Совсем машинально, как бы отвечая на ее вопрос, Хайс крепко сжал ее руку, а в душе подумал:

«Какой я мерзавец! Какой я исключительный негодяй!..»

— Мне необходимы деньги, — очень тихим голосом сказала Стефания. — Я должна достать их!

Уроки верховой езды Дона, няня Дона, расходы по хозяйству — все это сразу нагромоздилось в огромную кучу долгов.
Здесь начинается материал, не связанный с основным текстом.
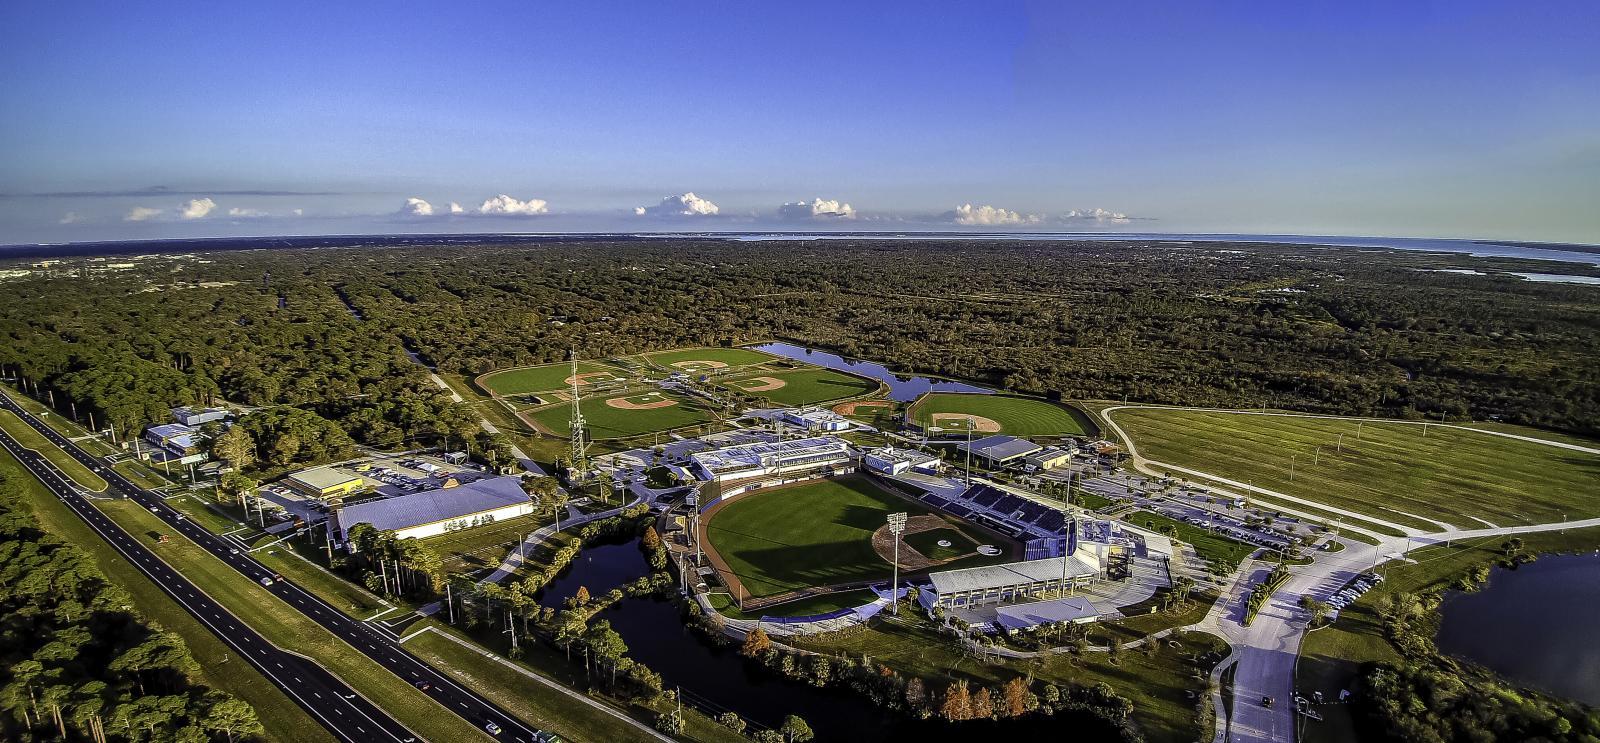 Charlotte Sports Park

Раньше, когда был жив Лоринг, Стефания жила на небольшой процент от выигрышей, все остальные деньги она вкладывала в ценные бумаги.

Бенни, ковыляя и волоча ноги, втащился в комнату; его лицо перекосилось от боли, но он постарался улыбнуться жене.

— Что с тобой, милая? У тебя несколько усталый вид. Что-нибудь случилось? — тревожно спросил он.

— Самая обычная вещь, — резко ответила Стефания. — Долги!

Бенни неуклюже опустился в кресло; улыбка сбежала с его лица.

— Я знаю, — сказал он, — это ужасно!

Он достал папиросу, хотел закурить, но она выпала из его неуверенных пальцев и откатилась в сторону; он неловко попытался достать ее, потерял равновесие и упал. С подавленным восклицанием плохо скрытого возмущения, Стефания помогла ему встать. Он поднялся с мертвенно-бледным лицом.

— Я слышал, — глухо сказал он, — я не мог не слышать!

Стефания снова обернулась к нему, стараясь скрыть бессильный гнев и раздражение, которые внезапно охватили ее и которые так трудно было подавить.

— Бенни, — твердо сказала она, — прости, я не могла удержаться. У меня вырвалось это невольно. Я так измучилась за последнее время! Но, дорогой, ты ведь знаешь, что я не такая плохая, как кажется. Прости меня!

— Простить тебя, — мучительно краснея пробормотал Бенни, — но мне нечего тебе прощать! Ведь я — огромная обуза, губящая всякий проблеск радости в твоей жизни, тяжелый груз, погубивший всю твою молодость! О, если бы я мог получить хоть какую-нибудь службу. Должность секретаря, например, или что-нибудь в этом роде. Я знаю языки и сумел бы справиться с такой работой. О, если бы я мог оплатить хотя бы свое содержание! Этим я хоть немного помог бы тебе. Тебе нужно было бы на время уехать, дорогая; выезжать, веселиться… Ах, Боже мой! Зачем такие калеки, как я, живут?!